As a whole, the project will jointly investigate: how to efficiently pre-process and standardize histological WSI, how to extract their most significant features from automatically selected ROIs and how to find the best supervised and semi-supervised model that uses these features to diagnose utilizing crowdsourcing strategies. The areas of research of the project will help to address the challenge Health, demographic change and wellbeing. These areas are of general interest to the scientific community. The project is expected to have social and economic impact at different levels. The hospitals in the proposal will benefit from an AI solution which will help deliver accurate and fast diagnosis. Furthermore, the work of expert pathologists and pathologists in training will make it possible the annotation of huge datasets despite the limited available time of medical specialists. This will result in reliable systems which will help enhance the training of the pathologists in training. The system could be installed or used remotely by other Spanish hospitals in the future. This would open the door to a new form of collaboration between pathology departments at national level. In summary, the project represents a coordinated effort to solve interesting and challenging problems of social, medical, and scientific interest.

Objectives

The goal of the project AI4SKIN is to develop a robust artificial intelligence system to classify the following seven types of cutaneous spindle cell neoplasms: leiomyoma, dermatofibroma, atypical fibroxanthoma, leiomyosarcoma, dermatofibrosarcoma protuberans, squamous cell carcinoma and spindle cell melanoma using Whole Slide Images. This project will jointly investigate how to efficiently pre-process and standardize histological WSI, how to extract their most significant features from automatically selected ROIs and how to find the best model that uses these features to diagnose through different crowdsourcing strategies. This will facilitate and speed up the recognition of the main cutaneous spindle cell tumours, improve the training of pathologist who are confronted for the first time with this complex group of skin tumors, as well as to serve as support for more experienced pathologists but with limited experience in dermatology.

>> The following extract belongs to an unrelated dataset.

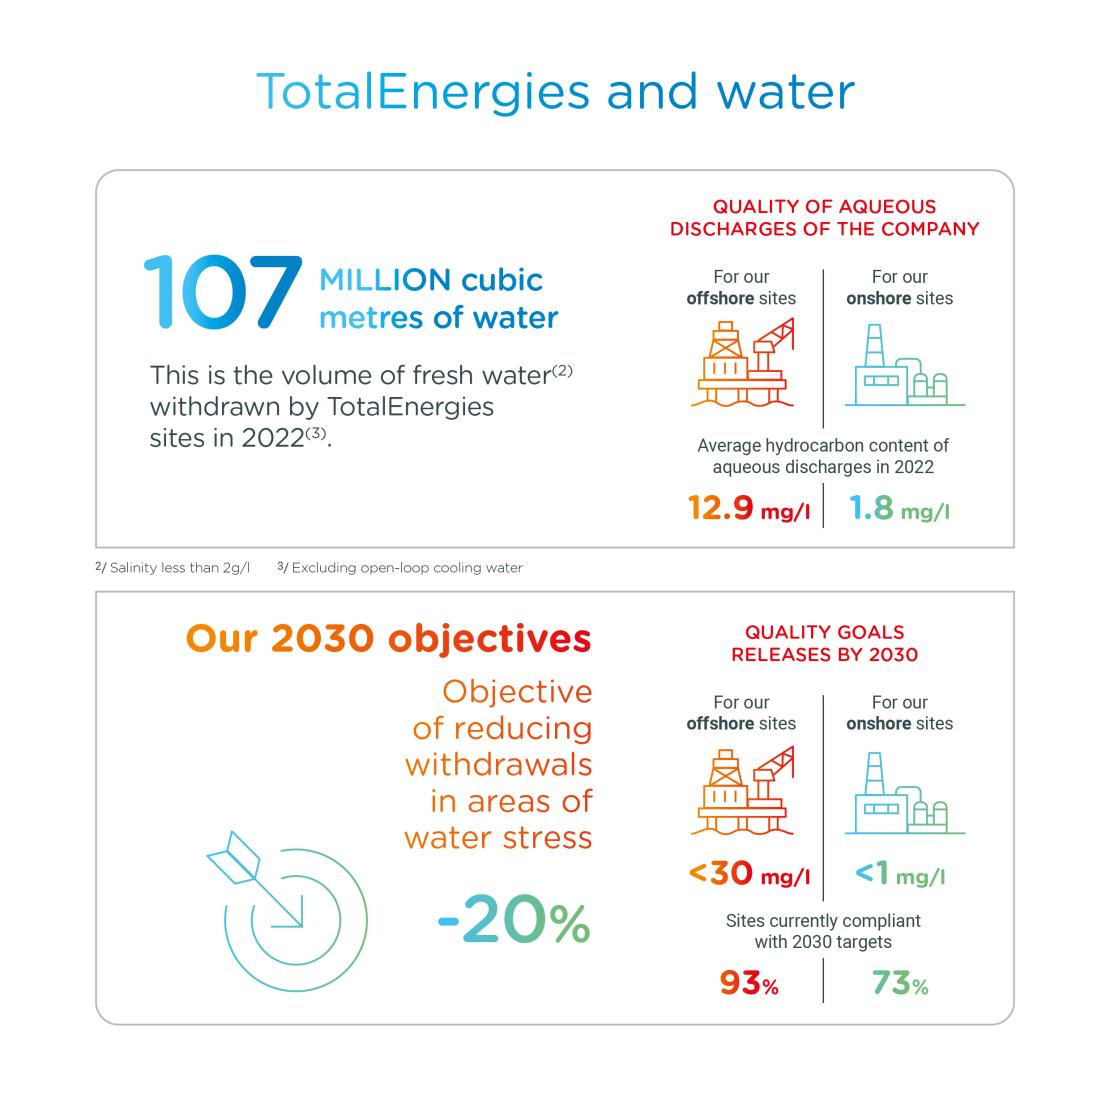 Infographics "TotalEnergies and water" - see detailed description hereafter

This general objective is divided in the following specific objective:

SO2.1 To develop methods for blur elimination and color normalization in WSIs. These methods will detect blurred areas and, when possible, deblur them using deconvolution techniques. Color normalization will make the system robust to inter- and intra-hospital variations. The developed techniques will help to better automatically select regions of interest extract more discriminative features, and increase the performance of machine learning methods.

SO2.2. To develop supervised crowdsourcing methods for the identification and classification of the seven types of spindle cell neoplasms based on the dataset annotated by pathologists in training. The developed methods will utilize regions of interest, features and prior information on the pathologies to jointly estimate the underlying classifier as well as the parameters characterizing each annotator’s expertise.

SO2.3 To develop semi-supervised crowdsourcing methods for the identification and classification of the seven pathologies. Due to the large size of the dataset, WSIs will not be exhaustively marked. Semi-supervised methods that use both annotated and non-annotated regions to increase the efficacy of the crowdsourcing methods will be developed.